The MALI-400 MP2 GPU is directly bound to the APU, and the video graphics rendering can also be accelerated in the frame buffer, thereby implementing the display output. The GPU can be rendered by a separate parallel engine, which is much higher than relying on the CPU to handle graphics, and the cost and power consumption is lower than the solution that requires the designer's additional GPU engine. The GPU accelerates 2D and 3D graphics through a comprehensive programmable architecture, which supports both shadlor-based graphics APIs, also supports fixed-function graphics APIs. The GPU has anti-aliasing function, achieving optimal image quality, and hardly resulting in additional performance loss. Xilinx supports a full set of Linux drivers that use practical tests that automatically turn the graphic command from the APU to the CPU processing.
In addition, Zynq UltraScale + MPSOC provides high-speed interconnect, which contains an integrated DISPLAYPORT interface module. The DISPLAYPORT interface is located in the PS side, which can be multiplexed to two of the four dedicated high-speed serial transceivers, with a working rate of up to 6 GB / s. The architecture gets rid of the need for additional display chips, further reduces the system BOM cost.

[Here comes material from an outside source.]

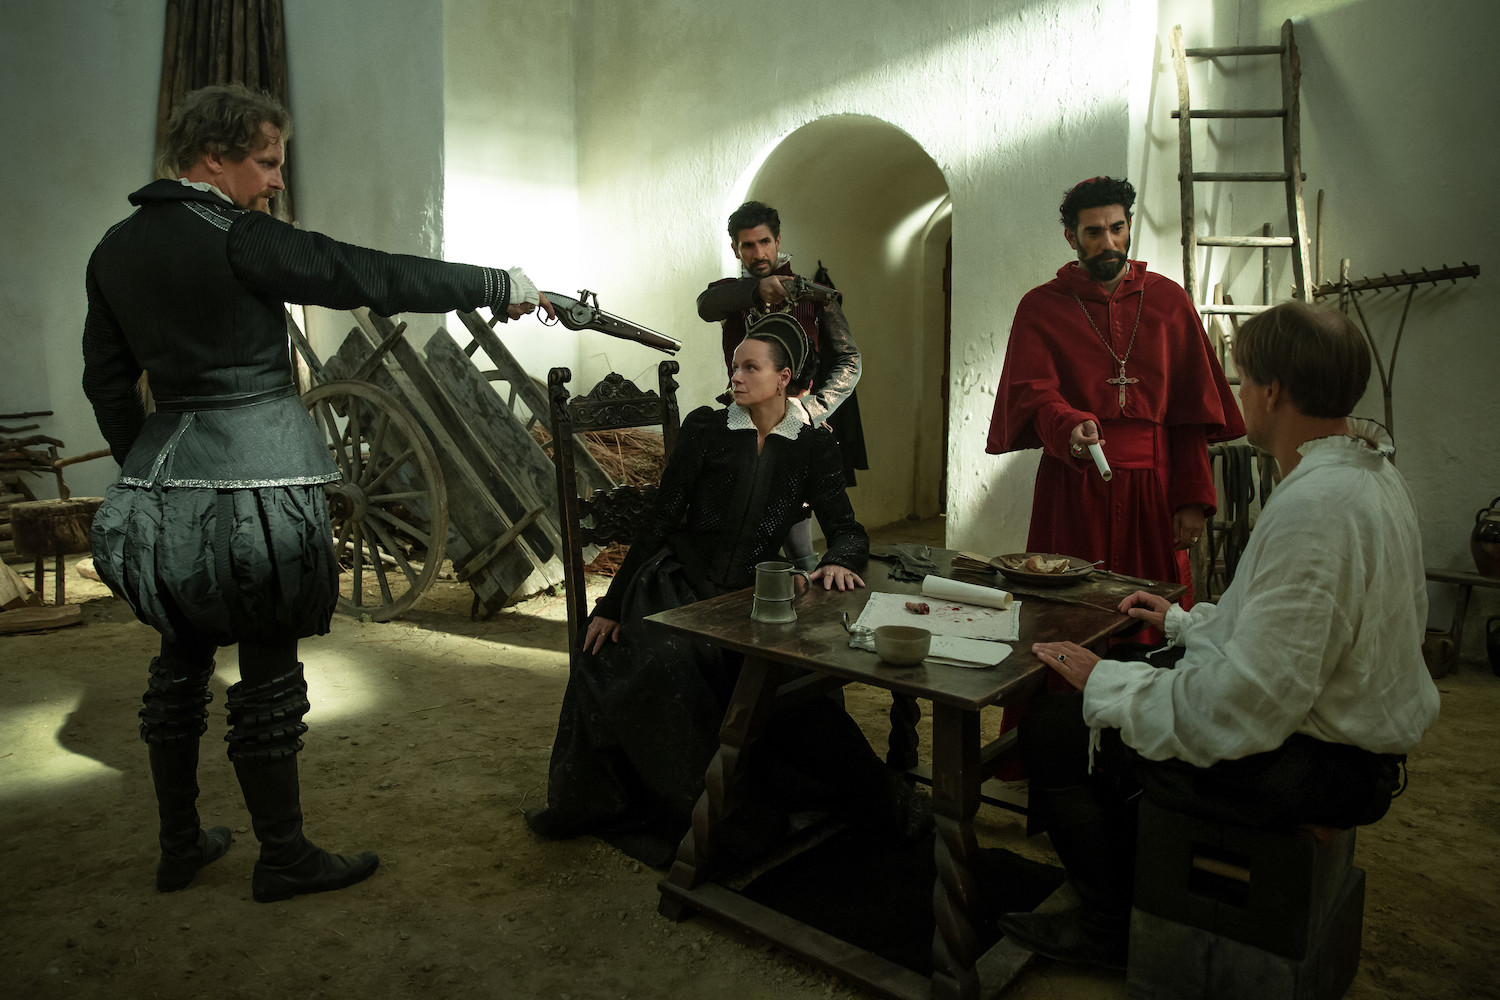 Picture shows: A standoff in a barn. Catherine (Samantha Morton) and Antoine de Bourbon (Nicholas Burns) are seated at a table while Montmorency (Barry Atsma) and Francois de Guise (Raza Jaffrey) threaten them with guns. Charles de Guise (Ray Panthaki) presents Antoine with the document they want him to sign which will eliminate his claim to the Regency.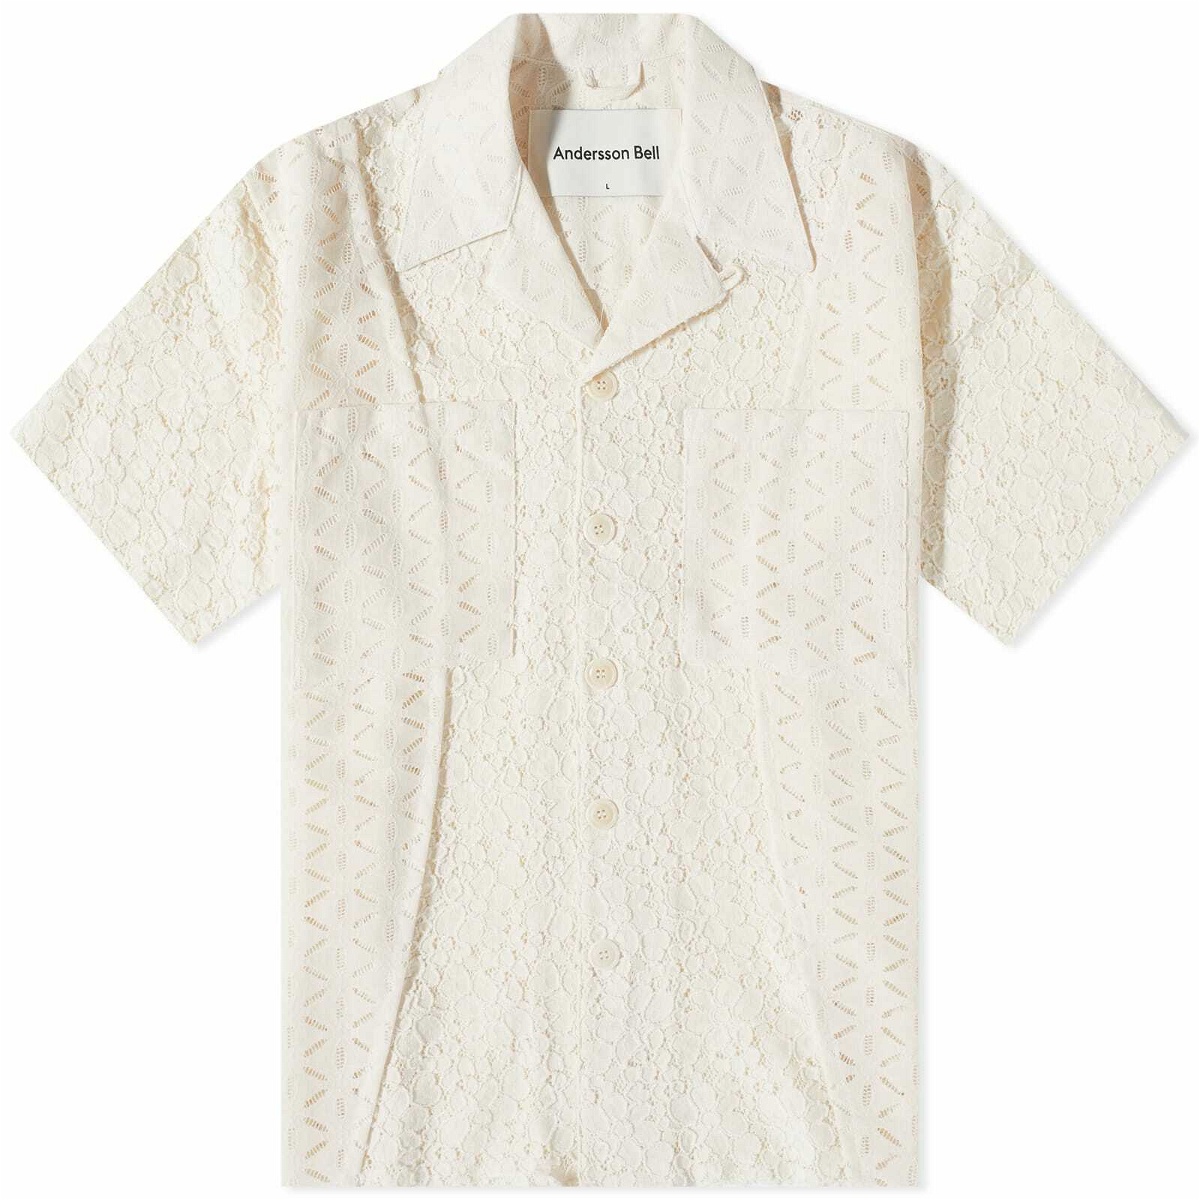 Andersson Bell Men's Flower Lace Vacation Shirt in Ecru Andersson Bell

The DisplayPort interface is based on VESA DISPLAYPORT Standard Version 1 and Revision 2A, which provides multiple interfaces that can process real-time audio and video streams from PS or PL, and can also store audio and video from memory frame cache. It also supports two audio and video lines, supports dynamic rendering of ALPHA mixing, chroma complex, color spatial conversion, and audio mixing. DisplayPort can either a PS PLL that generates a pixel clock using a PL clock.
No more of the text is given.